The tagset for the shared task has 12 tags:
- NEP (Person): 'Orhan Pamuk' or 'Mark Twain' or 'Mohandas Karamchand Gandhi' or simply 'Gandhi'
- NED (Designation): 'Chairman' (as in 'Chairman Mao') or just 'The Chair' or 'President' (as in 'President Bush') or 'Baadshaah' (as in 'Baadshaah Akbar')
- NEO (Organization): 'State Government' or 'Microsoft' or 'Al Qaida' or 'The Ministry of Love'
- NEA (Abbreviation): 'IBM' (or I.B.M.) or 'CRF' or 'APJ' or 'KKK' or 'VHP'
- NEB (Brand): 'Fanta' or 'Windows' or 'Linux' or 'Thumbs Up' or 'HP Laserjet 5M'
- NETP (Title-Person): 'Mr.' or 'Shri' or 'Mahatma' or 'Chakravarti' (as in 'Chakravarti Rajagopalachari')
- NETO (Title-Object): 'The Seven Year Itch' or 'American Beauty' or '1984' (as in '1984 by George Orwell') or 'One Hundred Years of Solitude'
- NEL (Location): 'Delhi' or 'New Delhi' or 'Uttar Bhaarat'
- NETI (Time): '10th July', '1968', '5 pm', 'Chaitra ke teesare din'
- NEN (Number): 'Fifty five', '3.14', 'one lakh'
- NEM (Measure): 'five kilos', 'three days', 'seven years'
- NETE (Terms): 'Horticulture', 'Conditional Random Fields', 'Sociolinguistics', 'The Butterfly Effect'
The tagset being used for this shared task consists of more tags than the four tags for the CONLL 2003 shared task on Named Entity Recognition (NER). The reason we opted for these tags was that we needed a slightly finer tagset for machine translation (MT). The initial aim was to improve the performance of the MT system.
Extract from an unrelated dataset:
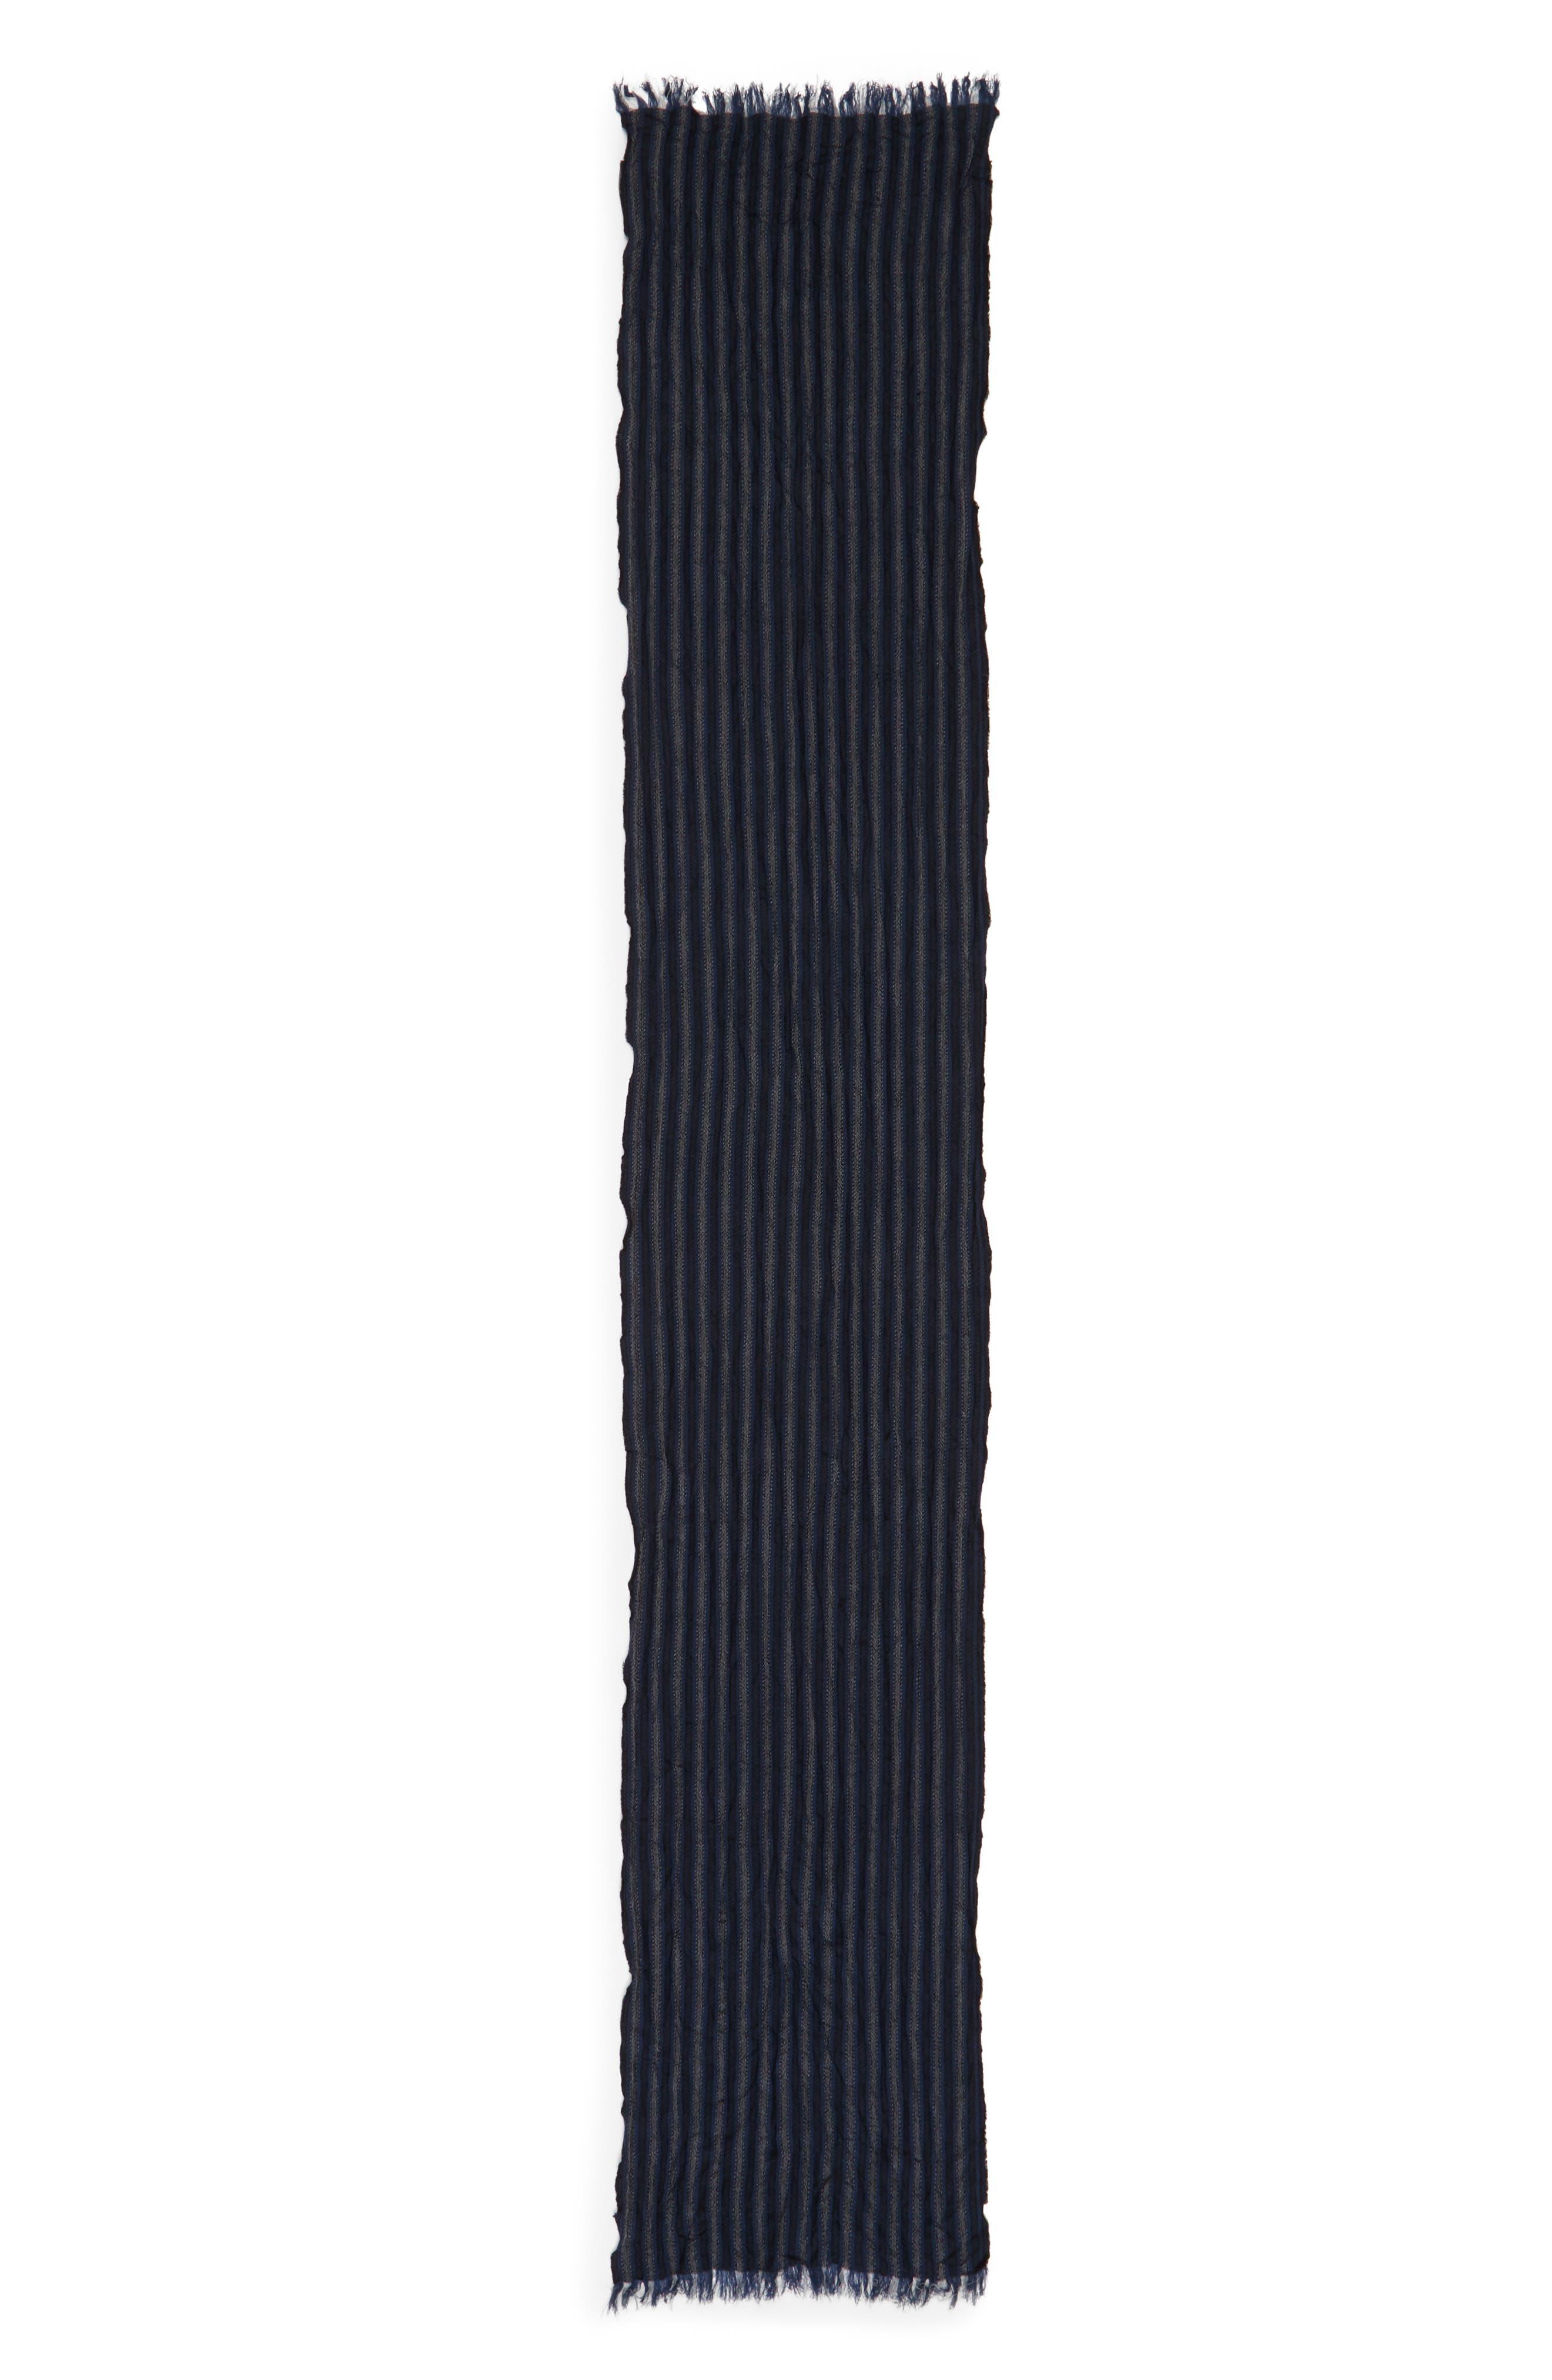 Crinkle Stripe Wool Scarf,                             Alternate thumbnail 2, color,                             Midnight Navy

As annotation progressed, we realized that there were some problems we had not anticipated. Some classes were hard to distinguish in some contexts, making the task hard for annotators and bringing in inconsistencies. For example, it was not always clear whether something should be marked as Number or as Measure. Similarly for Time and Measure. Another difficult class was that of (technical) terms. Is 'agriculture' a term or not? If no (as most people would say), is 'horticulture' a term or not? In fact, Term was the most difficult class to mark.
An option that we explored was to merge the above mentioned confusable classes and ignore the Term class. But we already had a relatively large corpus marked up with these classes. If we merged some classes and ignored the Term class (which had a very large coverage and is definitely going to be useful for MT), we would be throwing away a lot of information. And we also had some corpus annotated by others which was based on a different tagset. So some problems were inevitable. Finally, we decided to keep the original tagset, with one modification: the Title tag. The initial tagset had only eleven tags. There was one major problem with this tagset. There was one Title tag but it had two different meanings: 'Mr.' is a Title, but 'The Seven Year Itch' is also a Title. This tag clearly needed to be split into two: Title-Person and Title-Object
We should mention here that we considered using another tagset developed at AUKBC, Chennai. This was based on ENAMEX, TIMEX and NUMEX. The total number of tags is more than a hundred. This tagset is meant specifically for MT and only for certain domains (health, tourism). Moreover, this is a tagset for entities in general, not just named entities. But the main reason we decided not to use this tagset was that the existing Hindi and Telugu corpora annotated at IIIT, Hyderabad was based on the tagset described above.